Question: The continued product of three numbers in G.P is 216, and the sum of the product of them in pairs is...

Question

The continued product of three numbers in G.P is 216, and the sum of the product of them in pairs is 156. Find the numbers.

Answer 1

Solution

Hint: First of all take three numbers in G.P as $\dfrac{a}{r},a,ar$ . Then use the given information that the product of these numbers is equal to 216 to find the value of a. Further, use the value of the sum of the product of them in pairs to get the values of r. Hence, find the numbers.

Complete step by step solution:
We are given that the continued product of three numbers in G.P is 216 and the sum of the product of that in pairs is 156. We have to find the numbers.
First of all, we know that the general term of G.P is $a{{r}^{n-1}}$ . So, let us consider three terms in G.P as,
$\dfrac{a}{r},a,ar$
We are given that the product of these three numbers in G.P is 216. So, we get
$\dfrac{a}{r}.a.ar=216$
By canceling the like terms, we get,
${{a}^{3}}=216$
By taking the cube root on both sides of the above equation, we get,
$\Rightarrow a=\sqrt[3]{216}$
Or, a = 6
Now by substituting the value of a = 6 in terms $\dfrac{a}{r},a,ar$ . We get three terms as,
$\dfrac{6}{r},6,6r$
Also, we are given that the sum of the products of each pair of the given terms is 156. So, we get,
$\left( \dfrac{6}{r} \right).\left( 6 \right)+\left( 6 \right).\left( 6r \right)+\left( 6r \right).\left( \dfrac{6}{r} \right)=156$
By simplifying the above equation and taking 6.6 = 36 common, we get,
$36\left( \dfrac{1}{r}+r+\dfrac{r}{r} \right)=156$
Or, $36\left( \dfrac{1+{{r}^{2}}+r}{r} \right)=156$
By dividing both sides by 12, we get,
$3\left( \dfrac{1+{{r}^{2}}+r}{r} \right)=13$
By cross multiplying the above equation, we get,
$3+3{{r}^{2}}+3r=13r$
Or, $3{{r}^{2}}+3r-13r+3=0$
$\Rightarrow 3{{r}^{2}}-10r+3=0$
We can write 10r = 9r + r. So, we get,
$3{{r}^{2}}-9r-r+3=0$
We can also write the above equation as,
$3r\left( r-3 \right)-1\left( r-3 \right)=0$
By taking (r – 3) common, we get,
$\left( r-3 \right)\left( 3r-1 \right)=0$
Therefore, we get r = 3 and $r=\dfrac{1}{3}$ .
By substituting the value of r = 3 in terms $\dfrac{6}{r},6,6r$ . We get three terms as
$\dfrac{6}{3},6,6\times 3$
$=2,6,18$
Also, by substituting the value of $r=\dfrac{1}{3}$ in terms $\dfrac{6}{r},6,6r$ . We get three terms as,
$=\dfrac{6}{\dfrac{1}{3}},6,6.\left( \dfrac{1}{3} \right)$
$=18,6,2$
Hence, we get three numbers in G.P as 2, 6, 18, or 18, 6, 2.

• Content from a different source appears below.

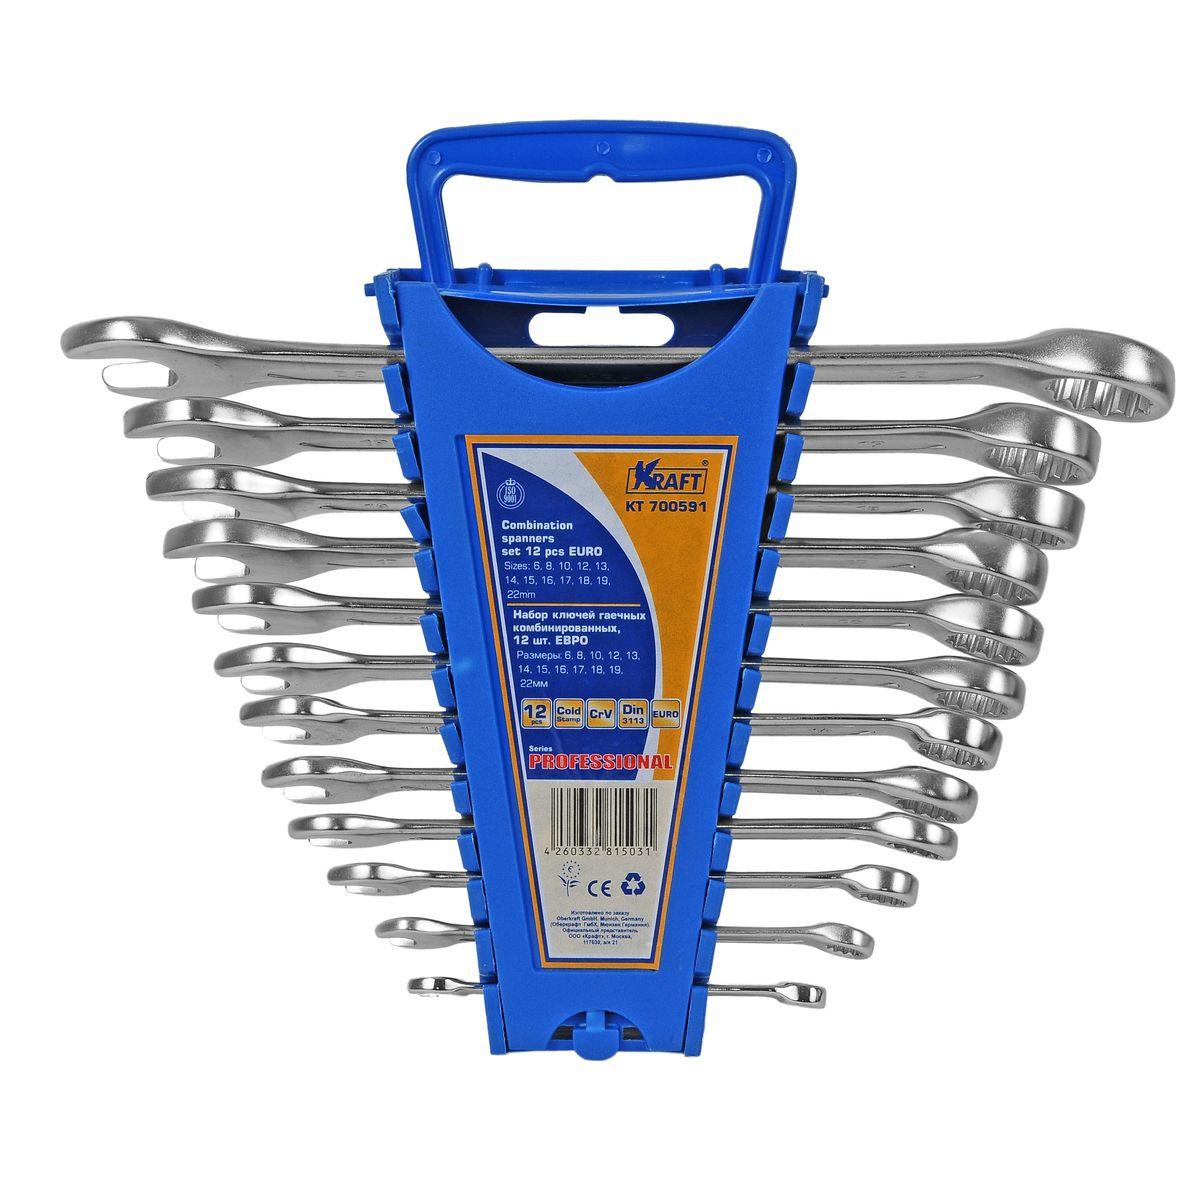 Набор комбинированных гаечных ключей Kraft Professional Euro, 6 мм - 22 мм, 12 штКТ700591Набор комбинированных гаечных ключей Kraft Professional Euro предназначен для профессионального применения в решении сантехнических, строительных и авторемонтных задач, а также для бытового использования. Ключи изготовлены из хромованадиевой стали. Размеры ключей входящих в набор: 6 мм, 8 мм, 10 мм, 12 мм, 13 мм, 14 мм, 15 мм, 16 мм, 17 мм, 18 мм, 19 мм, 22 мм. Комбинированный ключ представляет собой соединение рожкового и накидного гаечных ключей. Обе стороны комбинированного ключа имеют одинаковый размер. Комбинированный ключ - это необходимый предмет в каждом доме.

Note: Students should always take 3 numbers in G.P as $\dfrac{a}{r},a,ar$ to easily solve the given problem. Also, students often make this mistake of writing three terms as a, ar and $a{{r}^{2}}$ after getting the values of a and r. But they must note that as we have taken the terms as $\dfrac{a}{r},a,ar$ . So they must substitute a and r in these terms to get 3 numbers in G.P. So, this mistake must be avoided.